カポーティの独特の風貌と独特の話し方、明確に語られているわけではないが明らかなけれのゲイとしてのキャラクター、これらを演じきったフィリップ・シーモア・ホフマンは確かにいい演技をしていた。彼の演技は完全にひとつのキャラクターを作り上げ、私たちは彼の演じるカポーティにいらだったり、彼の表情からその心理を読み取ったりできるようになる。
事件に興味を持ち、ネタとして取材を始めた彼がどんどん事件にのめりこんでいくが、その犯人の一人ペリー・スミスに出会い、取材の手段として彼を利用するうちに彼の中に迷いが生じる。彼は基本的にはペリーを利用しているのだけれど、ペリーを見た瞬間に感じたひらめきは作家としてのひらめきなのか、それとも一目惚れとも言うべきひらめきなのか、相手との距離が縮まるにつれどんどんわからなくなっていってしまうのだ。無表情な中にも彼のそのような心理が透けて見え、なかなか面白い。
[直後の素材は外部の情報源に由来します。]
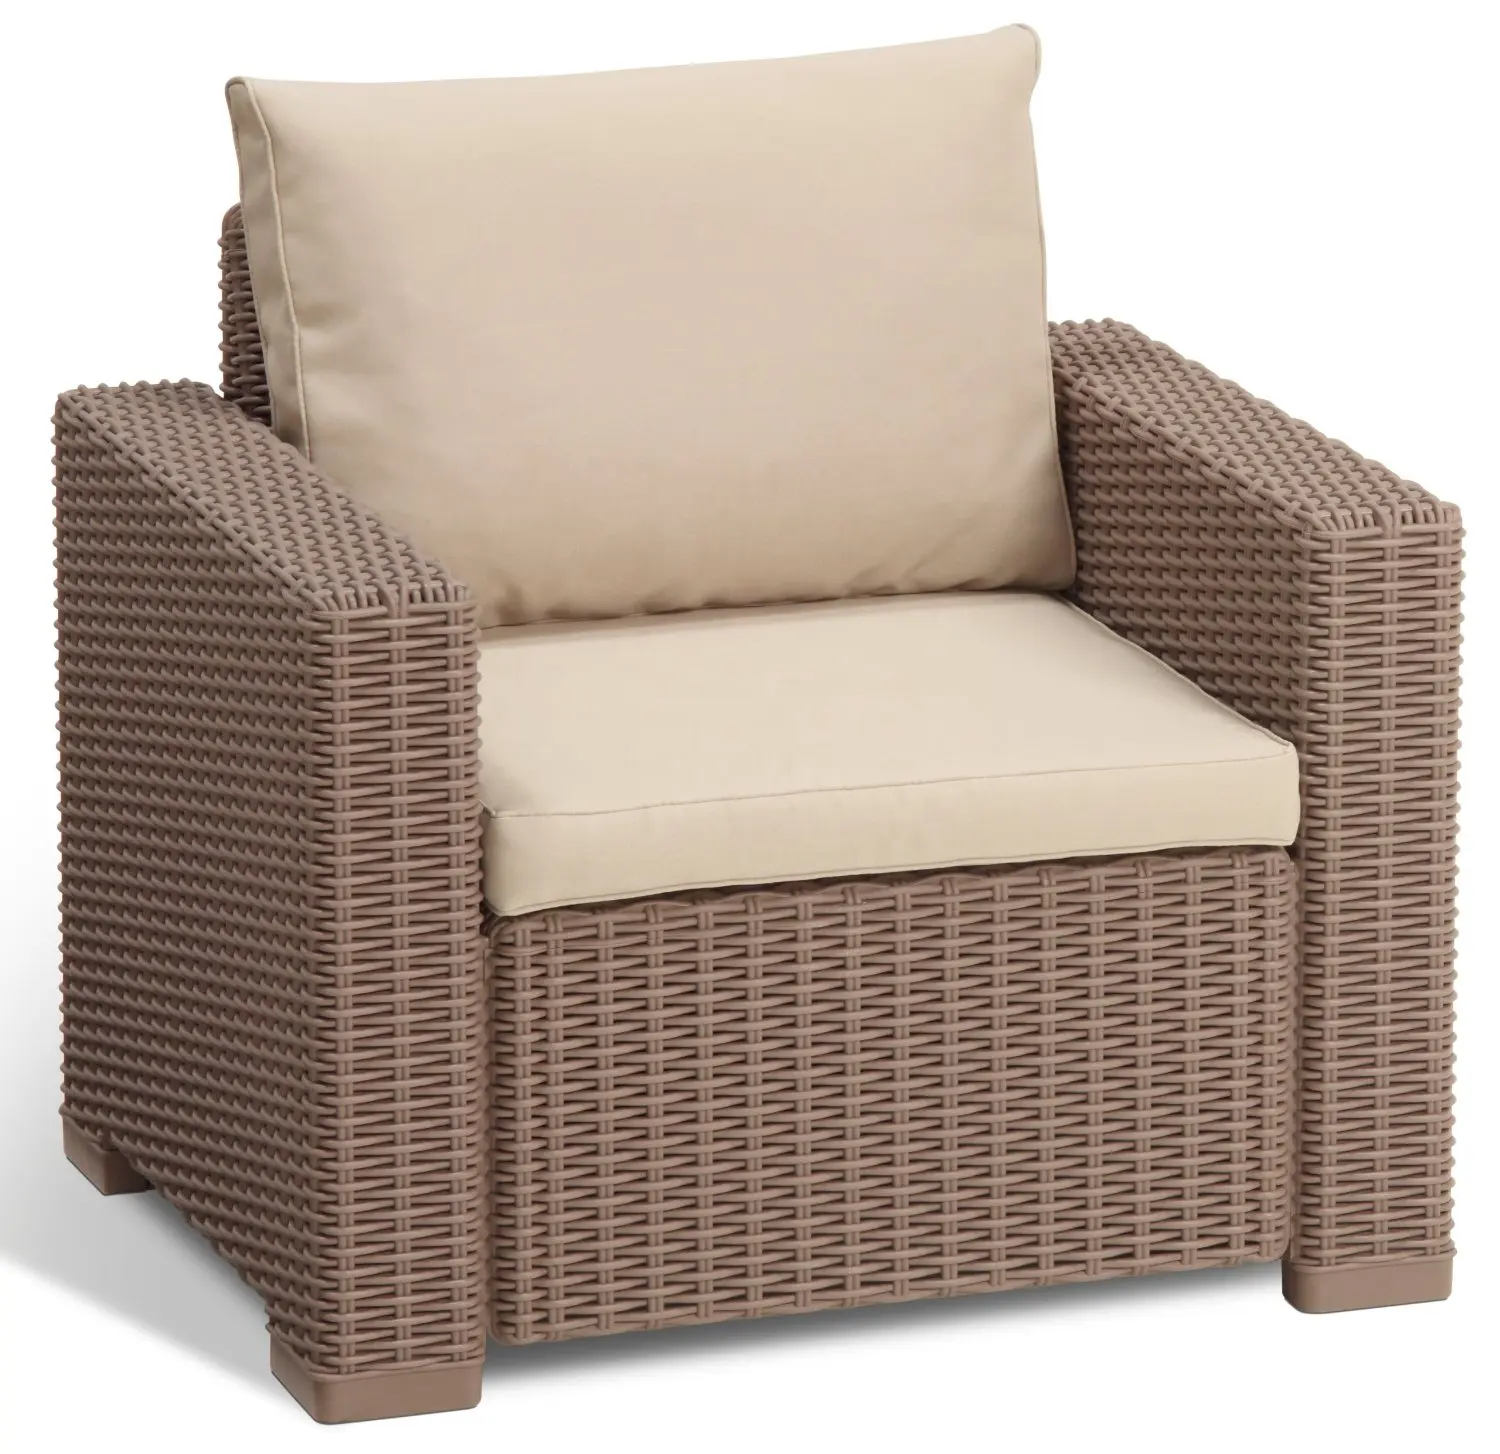 PP Rattan Pattan Single Sofa Outdoor Wicker Modular Single Sofa Furniture Garden Set Modern With Cushion Outdoor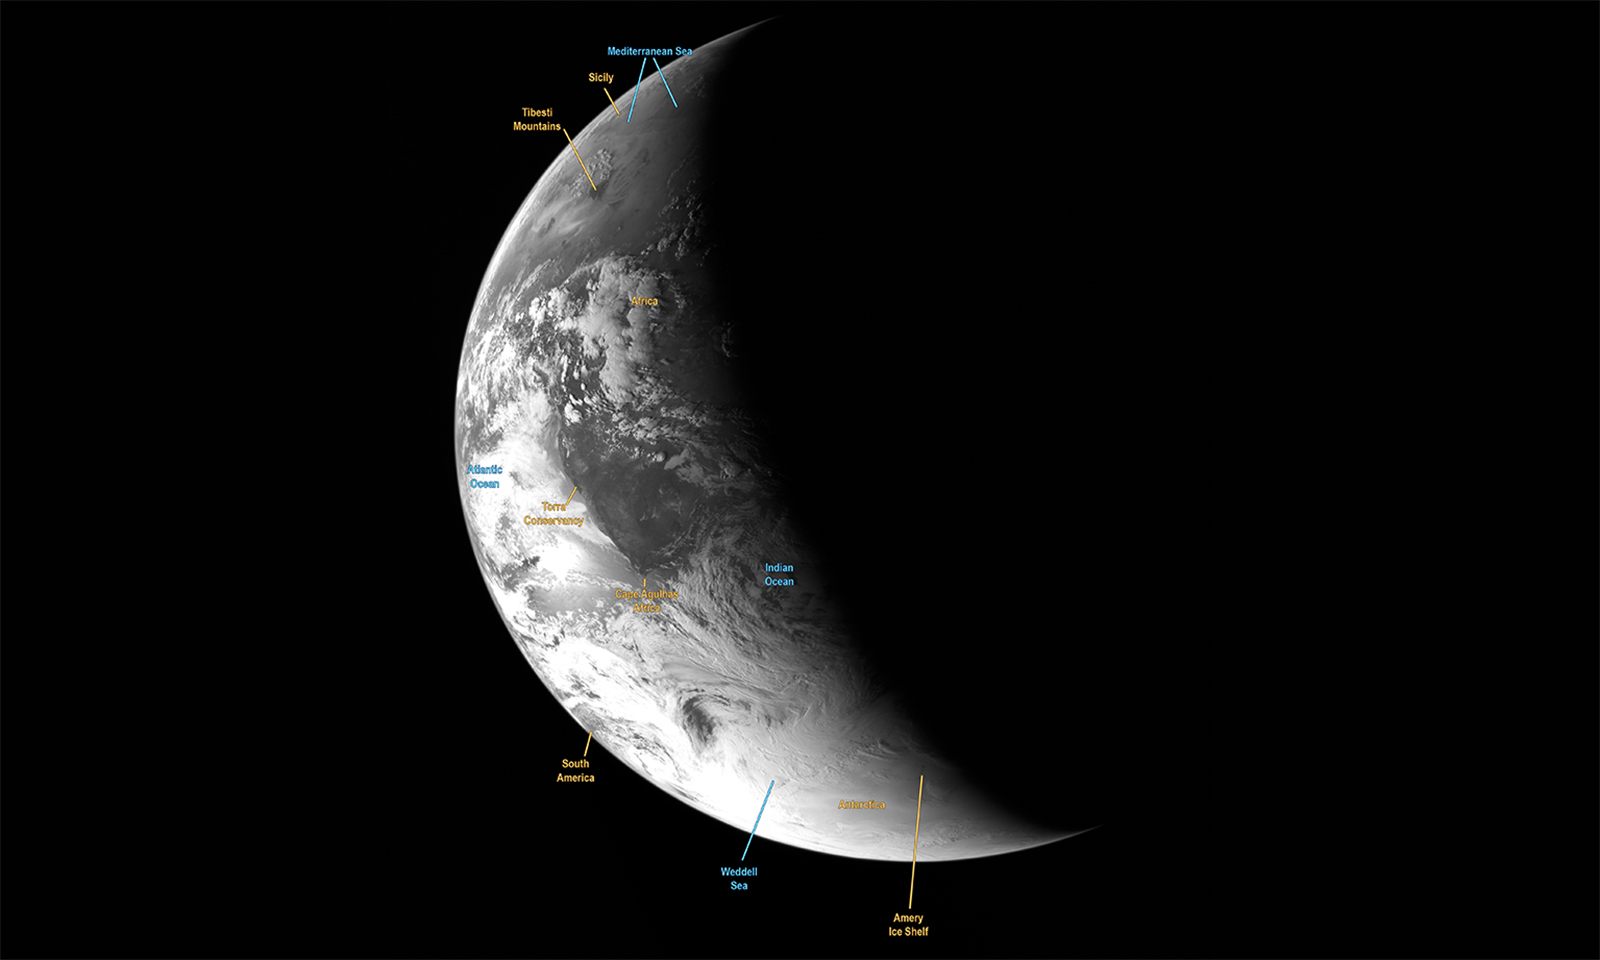 NPS Student Captures Unique Photo of Earth Using Lunar Reconnaissance Orbiter

しかし、作品のほうはそのような見事な心理描写をうまく生かしきっていないような気もする。淡々と描こうという意図はわかるのだが、あまりに淡々としすぎていて、カポーティがその事件を調べようとしたきっかけをはじめとして彼の行動の理由がほとんど明らかにならない。もちろんそれも推察させようという意図なのだろうし、その多くは“天才的なひらめき”のおかげということになるのだろうけれど、それではあまりに物語としての面白みがない。物語が展開していく上で、観客の興味を引くようなプロットがひとつあれば、もっとわかりやすく面白い映画になったのだと思うのだが。
そして、その説明不足もあって、作品全体としてカポーティをどのように描こうとしていたのかということも見えにくい。さまざまな部分で彼の天才をほのめかし、最終的に完成した作品『冷血』が傑作であったことからも、彼を持ち上げているし、彼がその後ひとつとして作品を完成させることができなかったということを説明として加えることによっても彼の人間性を評価しているように見える。しかし、彼は平気で嘘をついてペリーを利用するような人間で、ある意味では自分の作品のためには人の命も顧みないというような人物である。
結論としては、彼は自分自身すらだますことができるくらいに嘘がうまいのだけれど、自分自身をだましていることに気づいていて、その自責の念に耐えられなくなってしまったということなのだと思うが、そうだとしてもそれはあくまでも自分自身の中での問題であって、彼が周囲に対して何か思いやりを持っているとは思えない。彼がこの『冷血』以後、作品を完成させることができなくなったからといって、それで彼の人間性を証明することにはならない。
いったいこの作品は何を描きたかったのか、前半はカポーティという作家がひとつの作品を作り上げる過程を描くということでなかなか興味深かったのだけれど、後半に入りカポーティの人間性がテーマとして出てくると、いまひとつ焦点が定まらなくなってしまう。
カポーティは有名な作家だけれど、彼がどう考えたところでたいした問題ではないと思わせてしまっては、映画としては失敗といわざるを得ないだろう。やはり作家はその人間性よりも作品で語られるべきなのだ。こういう伝記は時に面白いこともあるが、退屈なものに終わってしまうことも多い。